▶ [RAW DATA]
______

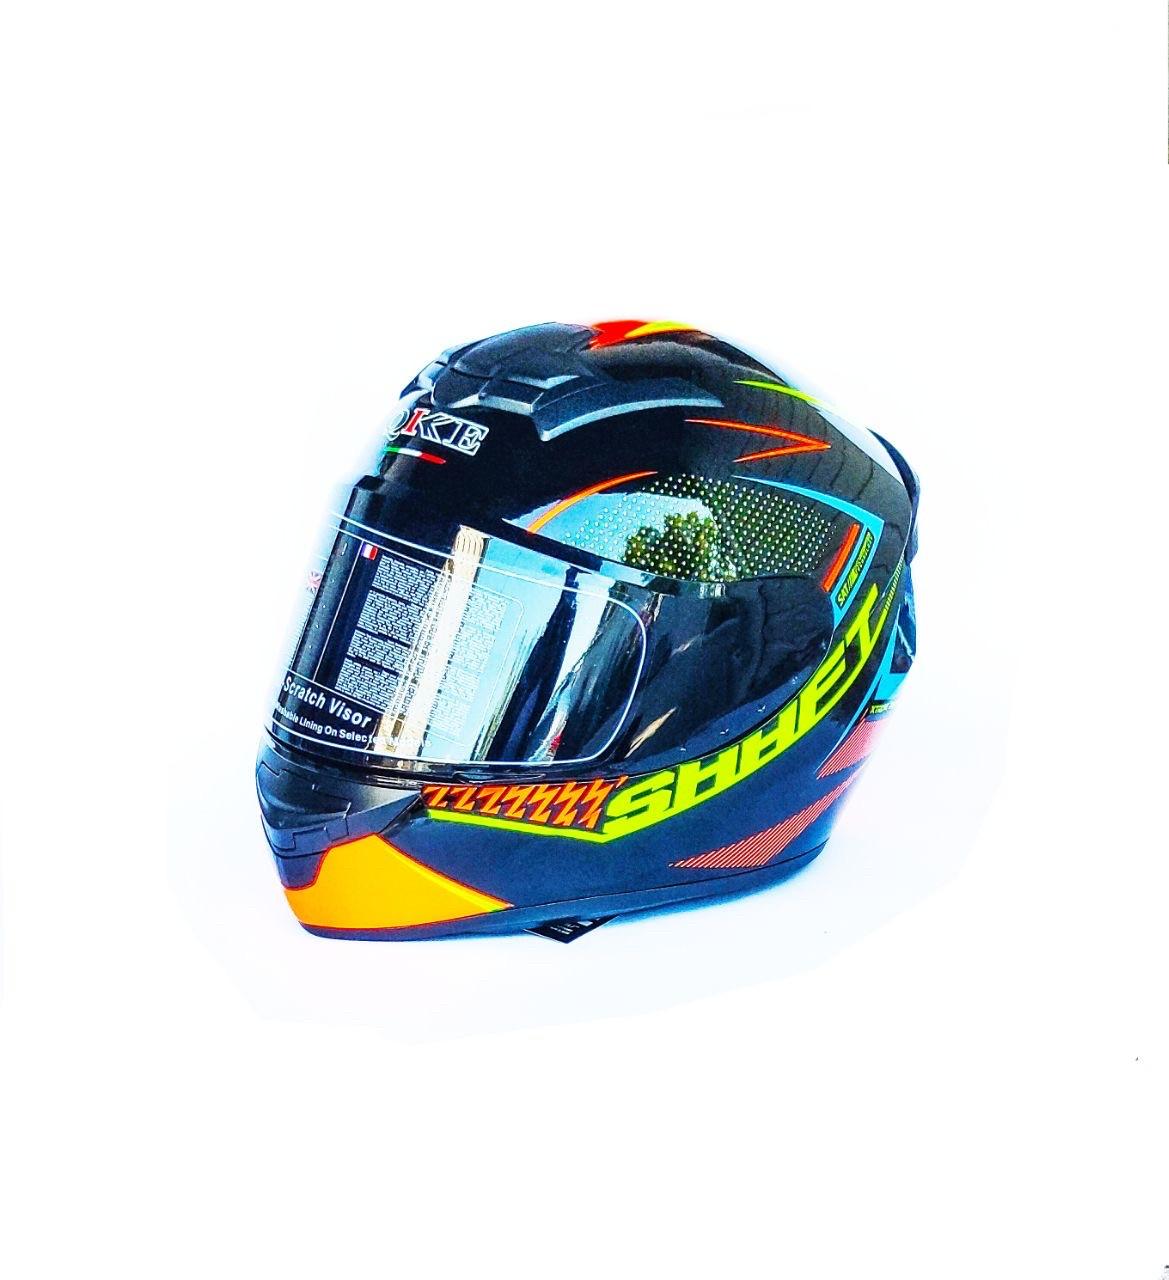 Мото-шлем SHHFT
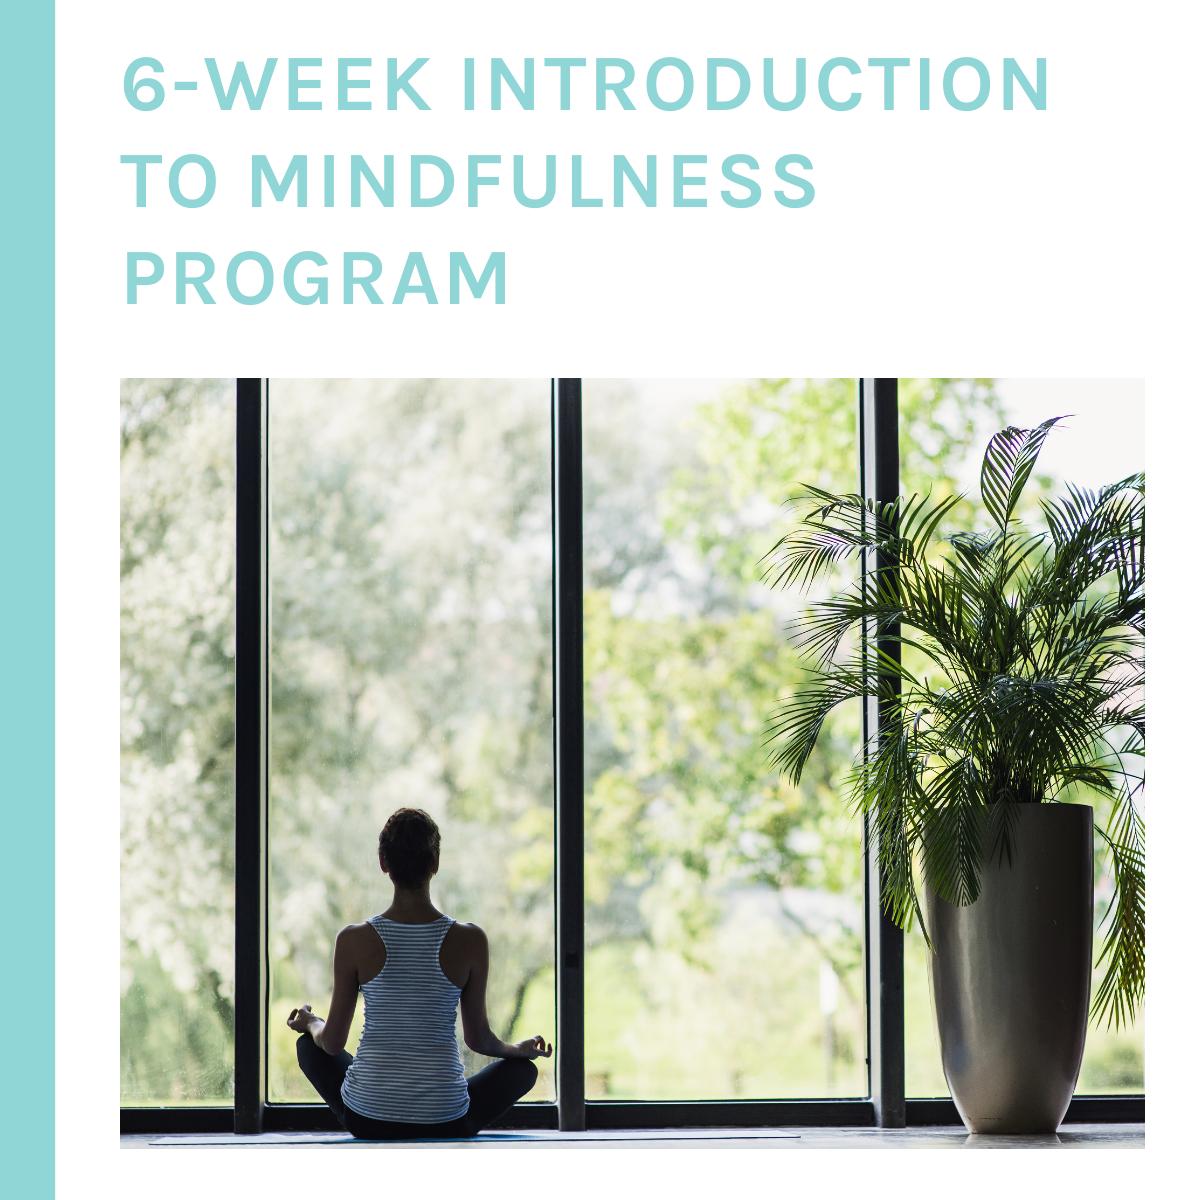 6-Week introduction to Mindfulness Program
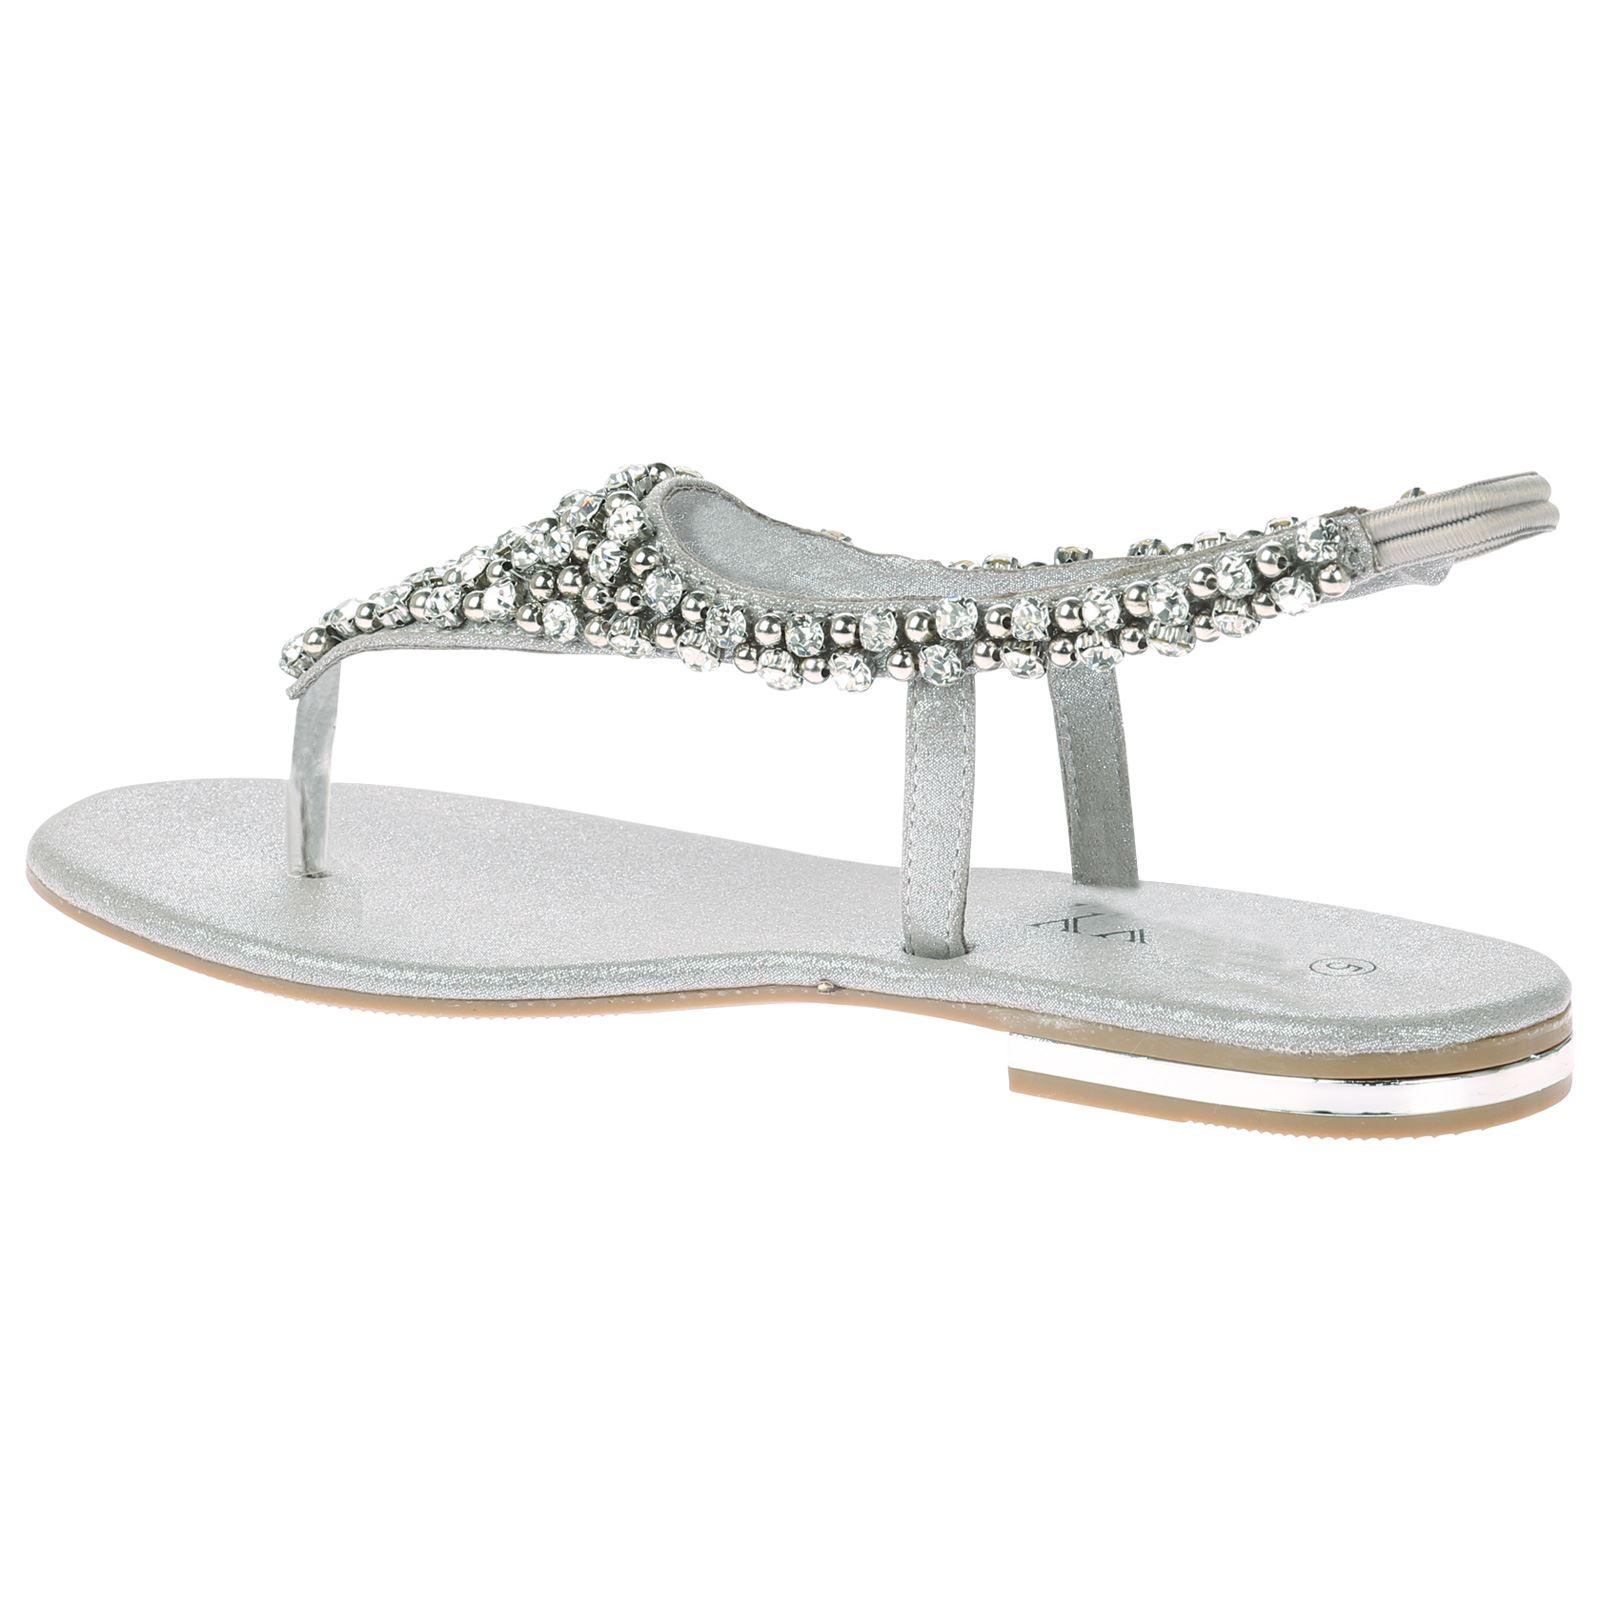 Linda Womens Flats Diamante Low Heels Evening Dress Formal Sandals Ladies Shoes | EBay

______

▶ [ABOUT THIS EXERCISE]
Return all the material exactly, pictures excluded.

▶ [EXERCISE SOLUTION]
 Мото-шлем SHHFT
 6-Week introduction to Mindfulness Program
 Linda Womens Flats Diamante Low Heels Evening Dress Formal Sandals Ladies Shoes | EBay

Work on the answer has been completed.